Я говорил правду. В студии Белютина никто тогда беспредметным искусством не занимался. Те работы, которые были выставлены на Таганке и в Манеже, выполнены были под влиянием носящихся в воздухе идей постимпрессионизма, не лишены были экспрессии, но все было в них предметно. Я понимал, что вопрос искусствоведши Валериус был провокационным и казуистическим, но растерялся, и как выйти с честью из положения, не понимал, и опять повторил: “Я согласен с Никитой Сергеевичем Хрущевым”.
— Так согласен или не согласен? Можешь ли ты честно ответить своим товарищам, согласен или не согласен?
Вот так, подумал я, загоняли в тупик на партийных чистках или на допросах в ЧК. Это была омерзительная, смертельная игра, меня тошнило от самого себя. Я сказал: “Согласен, но абстрактным искусством ни я, ни студия Горкома графиков не занималась”. “Позор! Только порочный, с детства испорченный человек может вести себя так! Ты почему виляешь?”
Это актив. Они стояли вдоль стен, и кричали, и торжествовали свою победу над Пикассо, и Мочальский подвел итоги. “Здесь все возмутительно, — сказал он, — но возмутительнее всего его (то есть мое) поведение в Манеже… Как у вас язык повернулся сказать Хрущеву, что днем, выполняя государственные заказы, вы служите дьяволу, а вечером в студии доморощенных абстракционистов служите Богу?
— Вы все перепутали, — сказал я, — в Манеже я сказал Хрущеву, что то, что мы делаем вечером, помогает нашей основной работе, а Хрущев спросил меня: “Значит, днем вы служите ангелу, а вечером продаете душу дьяволу?”. А Мочальский: “Опять вы врете, я же протокол беседы два раза читал. И что же вы врете про горком, когда Никита Сергеевич назвал вас подпольными доморощенными абстракционистами?”.
Я захватил с собой документы. Я вынул из кармана удостоверение члена студии Горкома художников-графиков, командировочное предписание для поездки студии по Волге на пароходе “Добролюбов”, на всех документах стояли круглые гербовые печати. Я пытался объяснять, но крики: “Позор! Вон из Союза художников!”. Я протянул Мочальскому документы, он прочитал их содержание и сказал: “Вот до чего они дошли, они подделывают документы!”.

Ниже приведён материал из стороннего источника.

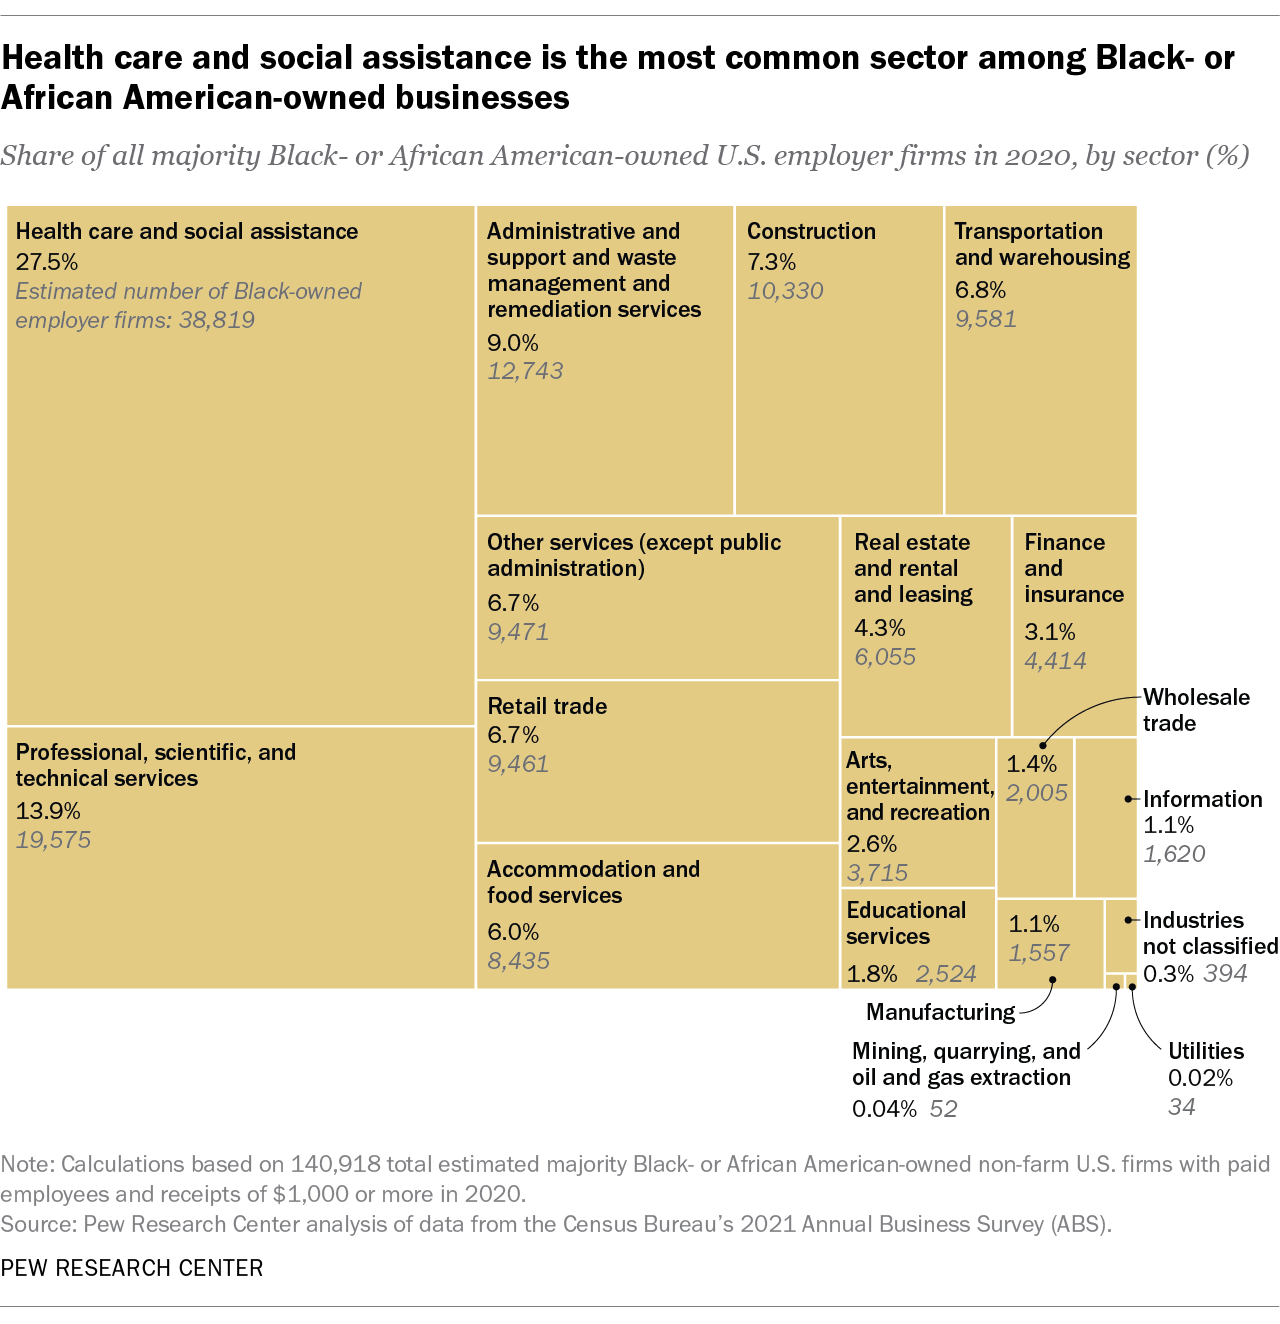 Graph showing that health care and social assistance is the most popular sector of businesses owned by African Americans or blacks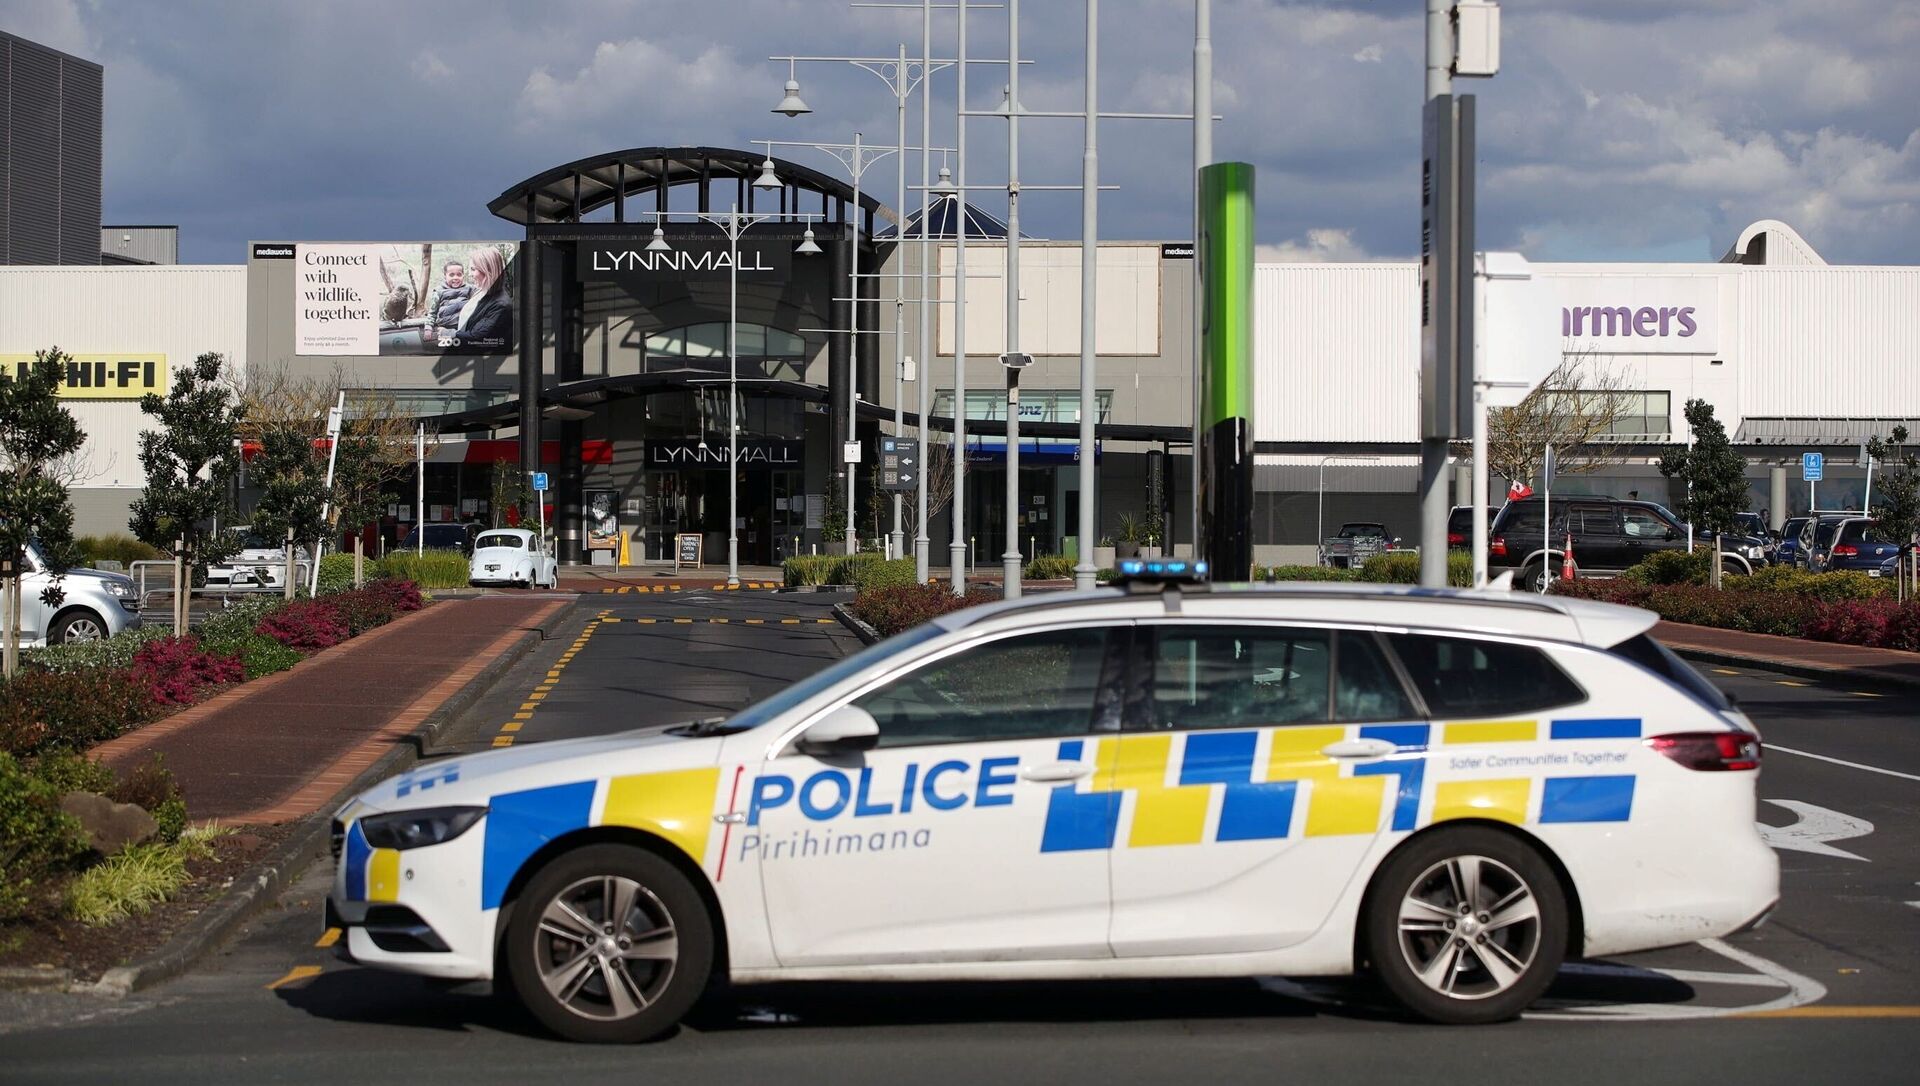 Police respond to the scene of an attack carried out by a man shot dead by police after he injured multiple people at a shopping mall in Auckland, New Zealand, September 3, 2021 - Sputnik International, 1920, 03.09.2021

Тут не выдержала Ираида Ивановна Фомина. “Леня никогда не врет”, — закричала она, а Мочальский: “Среди нас агент абстракционистов”.
Но живописец не знал, что Ираида Ивановна — одна из самых уважаемых и талантливых графиков Союза. Стенографистка требовала рукопись, я сказал, что она у меня написана крайне неразборчиво, что дома перепишу и завтра принесу. Мочальский согласился и предложил голосование по исключению перенести на конец заседания и объяснить свое поведение Лиле Ратнер-Смирновой. Вместо Лили вышла Алла Йозефович и попросила освободить Лилю от объяснений ввиду того, что она на пятом месяце беременности и волноваться ей нельзя. Сама же сказала, как и намеревалась, что в студии ее интересовали только рецепты грунтовки и способы создания оригинальных фактур, с иностранцами же она ни в какие связи не вступала.
Следующим был Эрнст Неизвестный.
“Зачем вы, — спросил его Мочальский, — такой известный скульптор, выставили на Таганке, а потом и в Манеже свои скульптуры с подпольной группой доморощенных абстракционистов?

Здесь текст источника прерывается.